CDH-cookbook

Homework Solutions: Lesson 4: Milestone Lesson: Your First Program

In the past three lessons you have learned the necessary essentials to begin coding. These essentials provide you with a few fundamental skills that enable to you to write your first Python program. This tutorial is designed to have you put those skills to use by showing how to write the correct commands, in the proper order, for looping through and editing files.

Phase 1: Objectives, Program Design, and Workspace Setup

Before you begin to write any sort of code, it is essential that you set clear objectives. Pausing and stating what exactly you want to achieve, and gathering the tools needed to achieve it, will potentially save you hours of time. It is never wise to start writing a computer program without your goals understood and the tools readily available. This involves recording somewhere the following three things: what you are doing, how you are doing it, and your reasons for doing it.

What We are Doing?

Today we will be writing a program in Python that will go into a file directory, open and read each of the files in that directory, put a sentence into those files, and save and close them.

How We Will Do This?

As this is a repetitive task, we will be writing our code in the form of a ‘for loop’. We do this by building a simple program that uses the Python module ‘os’.The os module instructs Python in navigating your operating system, including your files and directories. This module is known as a ‘built-in’ module, which means that it is part of the copy of Python on your computer. Here is a link to the official Python documentation on this module. In this link you will see many headings in bold that look like os.chdir(), osgetcwd(), etc. These are the specific functions of the module (refer to Lesson 1 for an explanation of the layers of Python code).

Why Are We Doing This?

Navigating through multiple files and performing the same kind of action on each file is one of the most common tasks we do with our computers, and it is easily automated. Because it is straightforward, it is a good ‘first program’ to learn how to write, and it will make you use the concepts and skills taught in the first part of this course. You will be able to use the components of this program to write future programs for navigating and modifying your files.

Designing the Program Steps

Since we are writing a program from beginning to end, it is important to have a clear picture of each of the program’s steps. Developers often write these externally for reference, especially if their programs are complex and involve many s. It is good to get into this habit early in your journey of learning to code.

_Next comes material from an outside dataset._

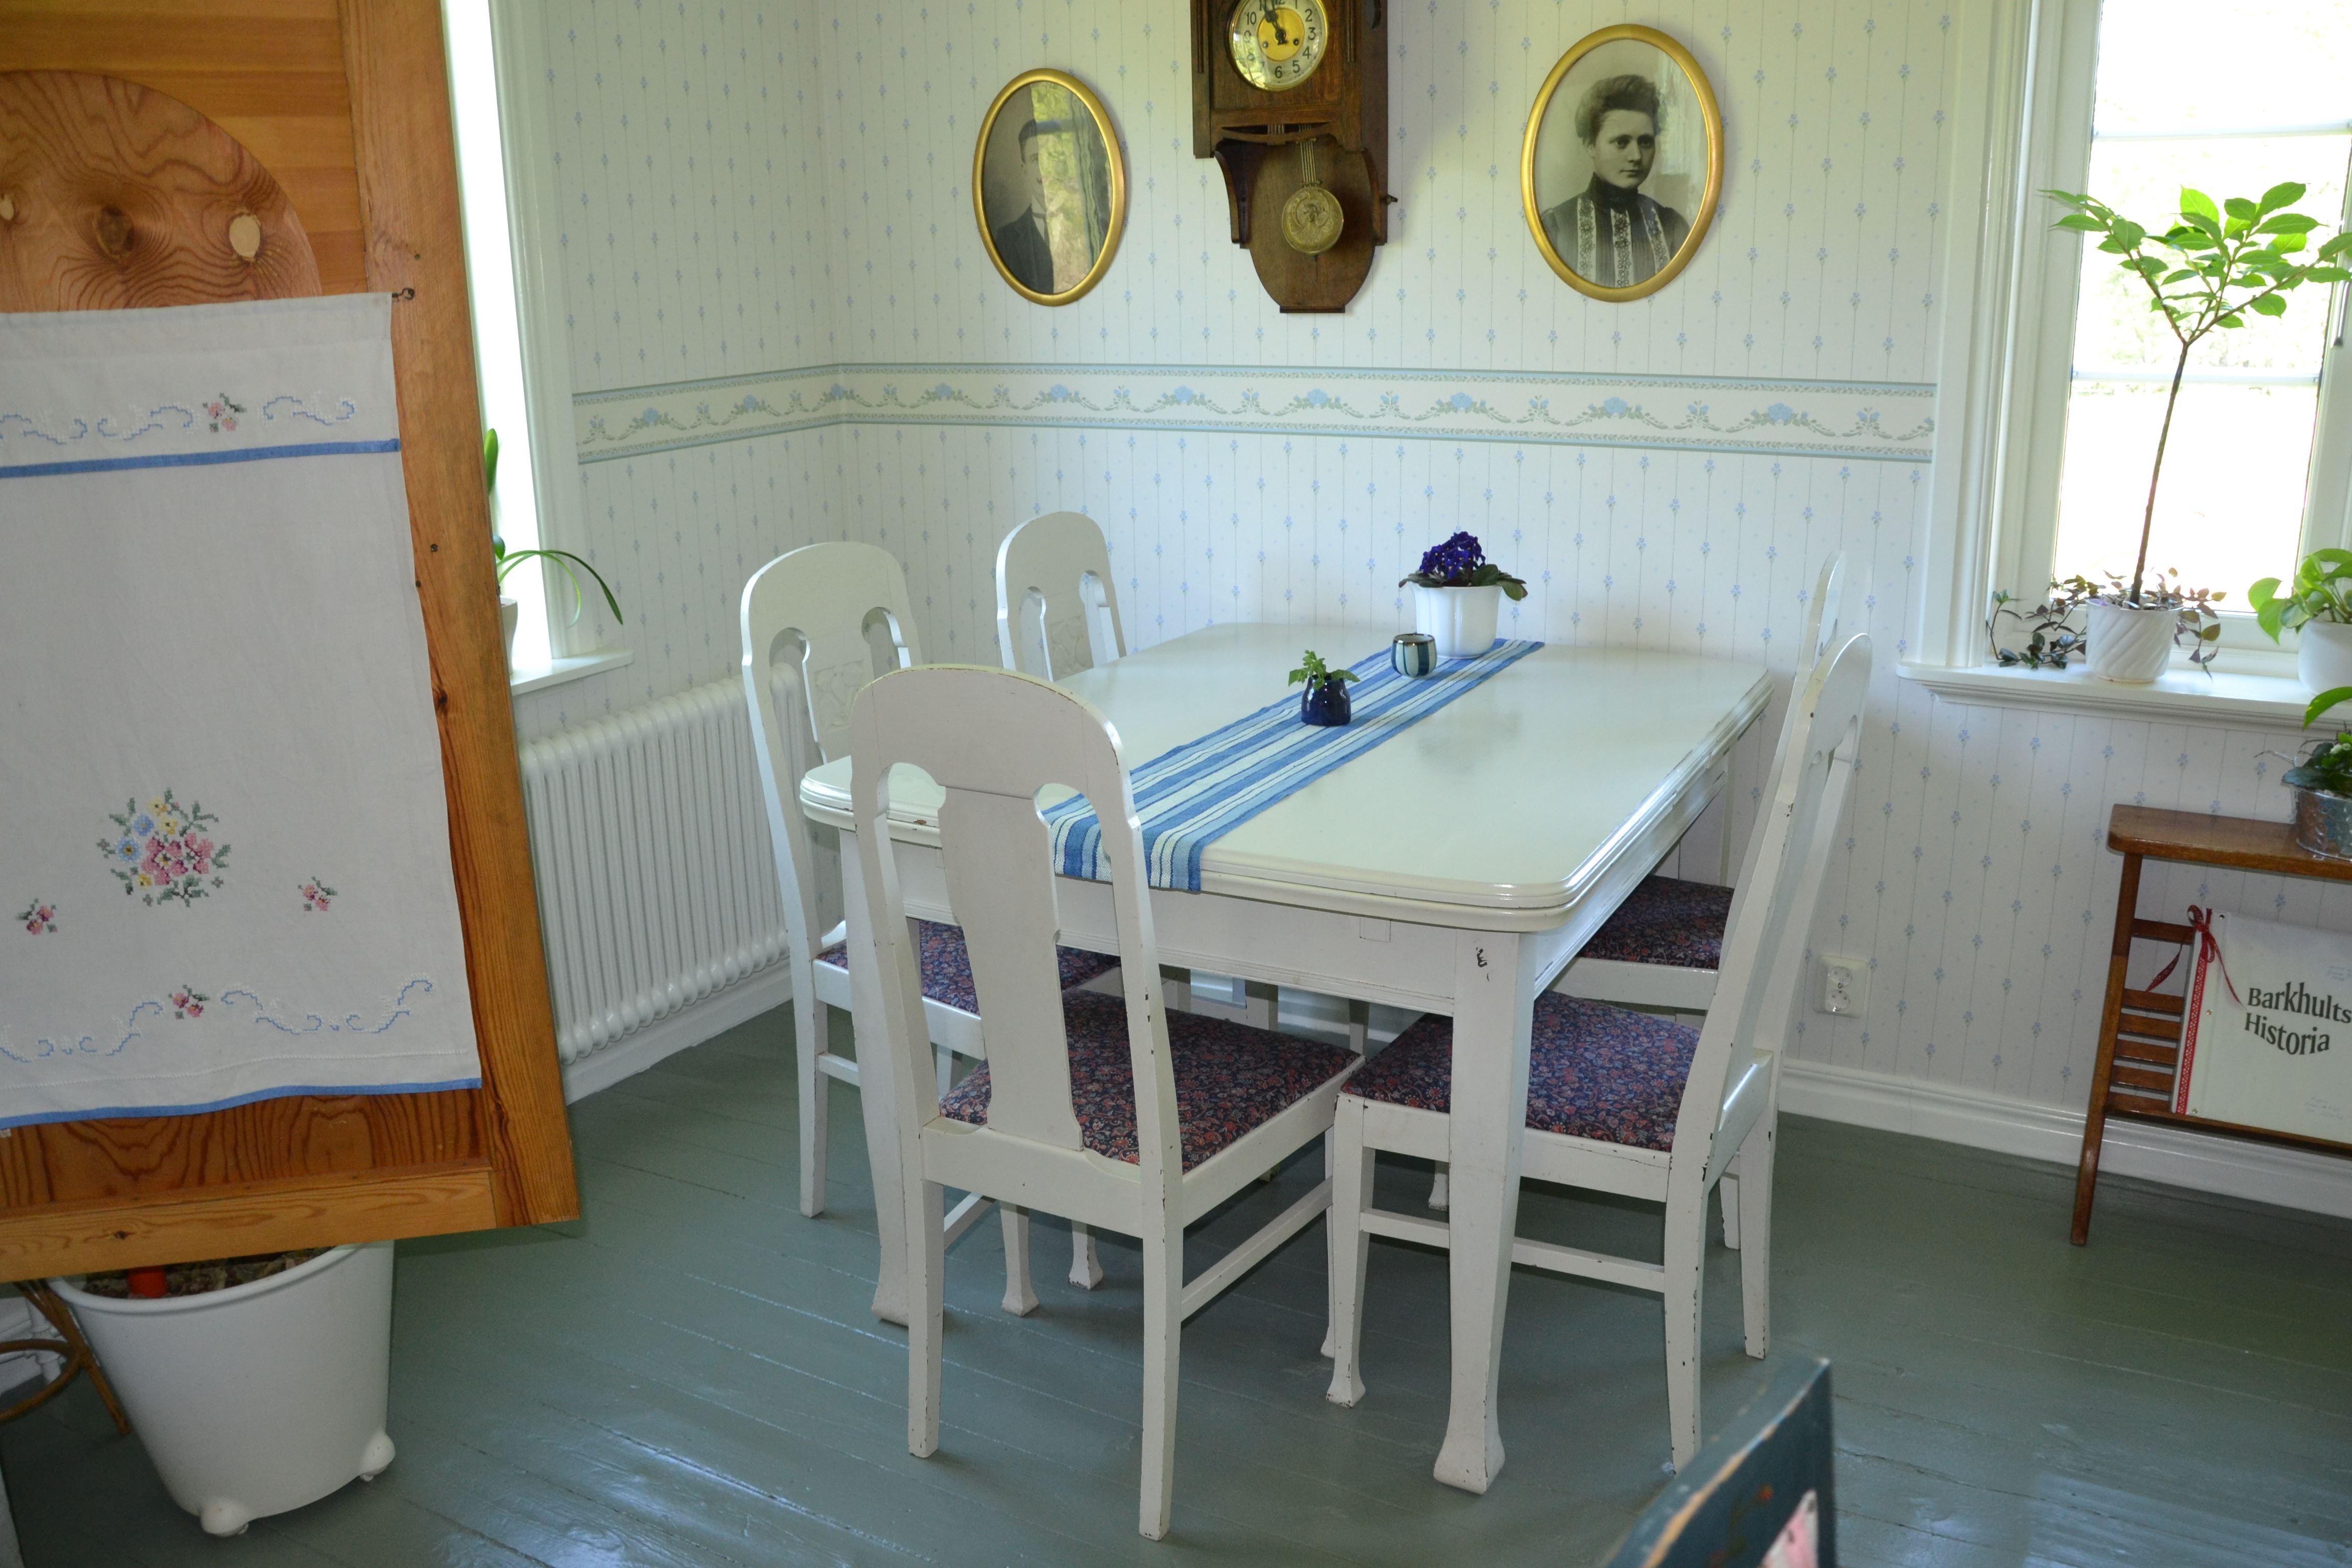 Barkhults gårdscafé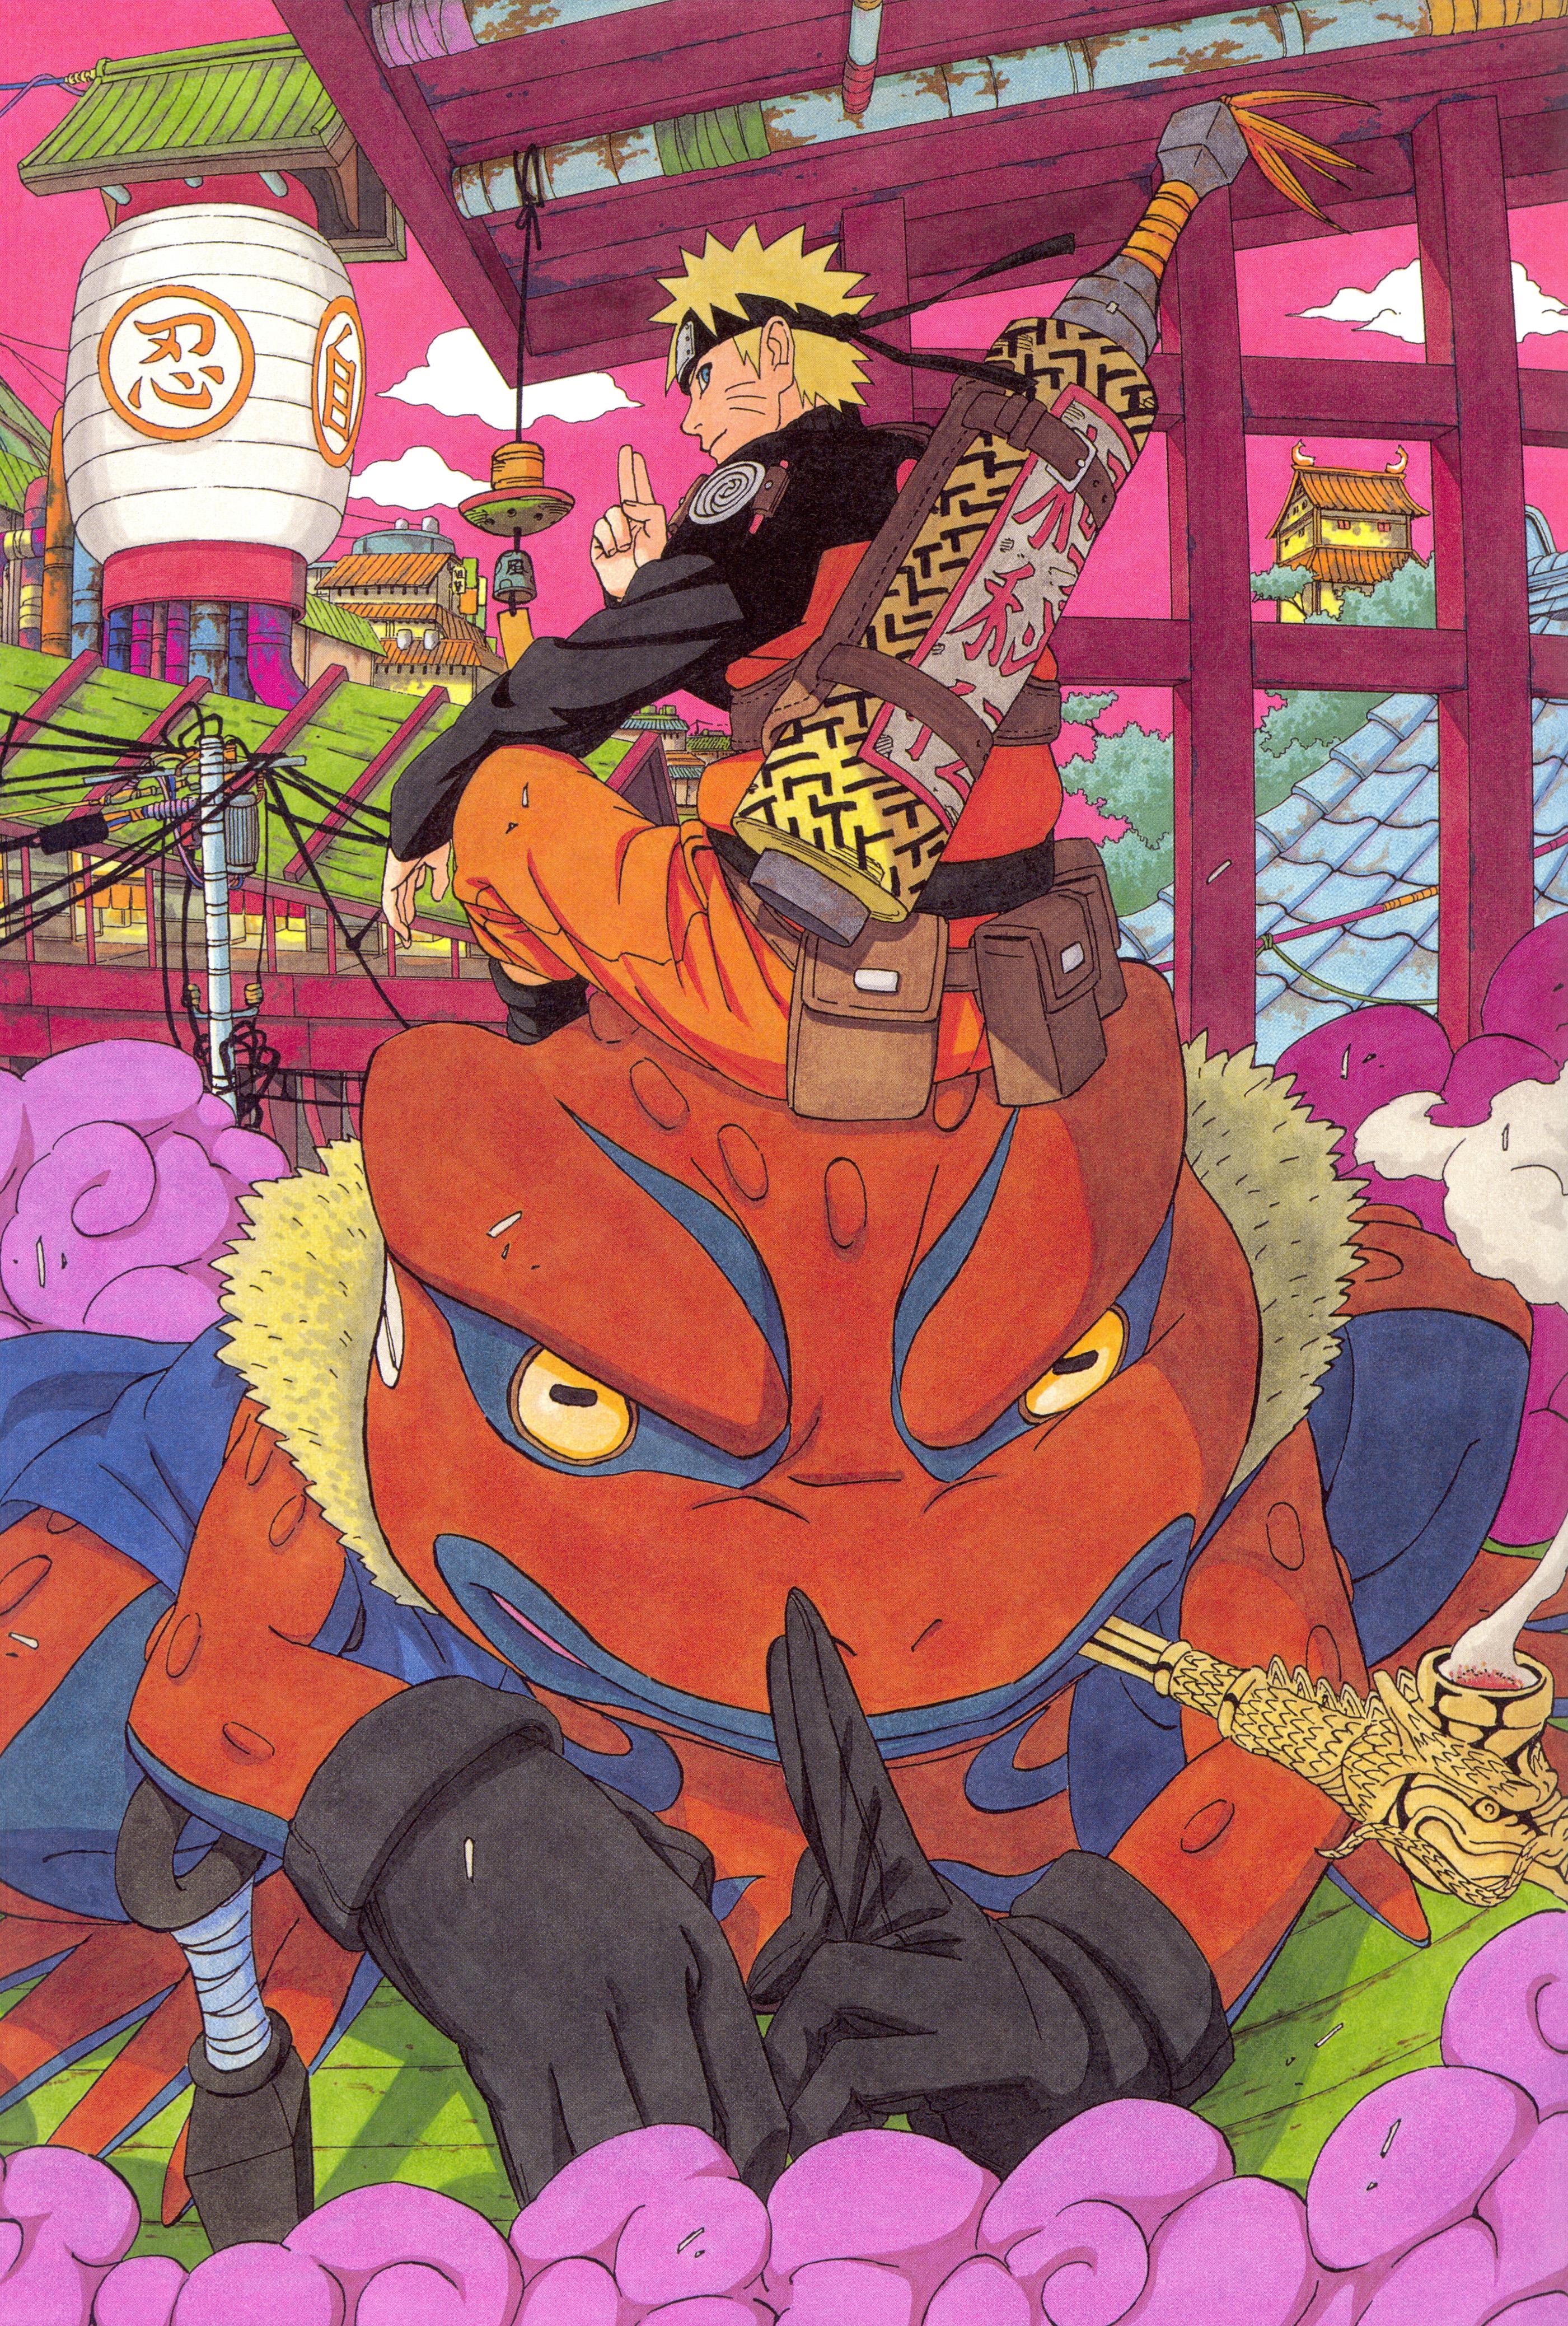 Download Wallpaper Naruto Art - Naruto-Shippuuden-Masashi-Kishimoto-Uzumaki-Naruto-artwork-illustration-1200495  Pic_932773.jpg

For each function, we list out the actions that that will take:

1. Identify and open the folder with our documents

2. Identify the documents inside the folder

3. Open a document

4. Insert a sentence inside the document

5. Save and close the document

6. Repeat steps 2-5 for the next document

7. Terminate when there are no more documents to open and edit

We can break up our actions into specific functions. This will help organise the code. Actions 1-3 will be our first function, ‘read_files’. Actions 4-6 will be our second function: ‘write_content’. Notice how each step is specific and granular. There is nothing left unsaid in our plan. Why is it so important to be this specific? It is because of an essential principle about computers: Computers do exactly what you tell them: no more, no less. Computers do not ‘read between the lines’. The faster you embrace the concept of designing specific and granular programs, the faster you will progress because you will not try to write programs that imply invisible steps that the computer cannot follow. Now that we have established our objectives and thought through the steps of our program, we need to set up our filesystem.

Curating Your Files

The first thing to do is to determine where to put the files that you want the program to modify. We will be using Jupyter Notebooks to write and run our code, and by default a Jupyter Notebook uses our Home directory as its working directory. It is simplest, then, to put our filesystem in our Home directory. Create an empty folder in your Home directory, and call it ‘file-looping’. This will be the folder that our program opens in step 1 above. In this folder put two empty text (.txt) files: these will be the files that our program will open and modify by inserting a sentence. You can call them and this folder whatever you like, but there are a couple of good principles for file naming which will make your life infinitely easier:

1. Use descriptive and unique names

2. Avoid spaces. Use capitalisation or special characters to visually separate out words.

We use descriptive and unique names so that we and the computer always know which files we want to work with. And we avoid spaces in our names because we want Python to be able to identify the files without issues. While an empty space is a Unicode character, it’s better to avoid spaces. For this example I’ve named the two empty text files as ‘loop-tutorial-document1.txt’ and ‘loop-tutorial-documentt2.txt’. Notice that we will also follow these principles when naming the program itself.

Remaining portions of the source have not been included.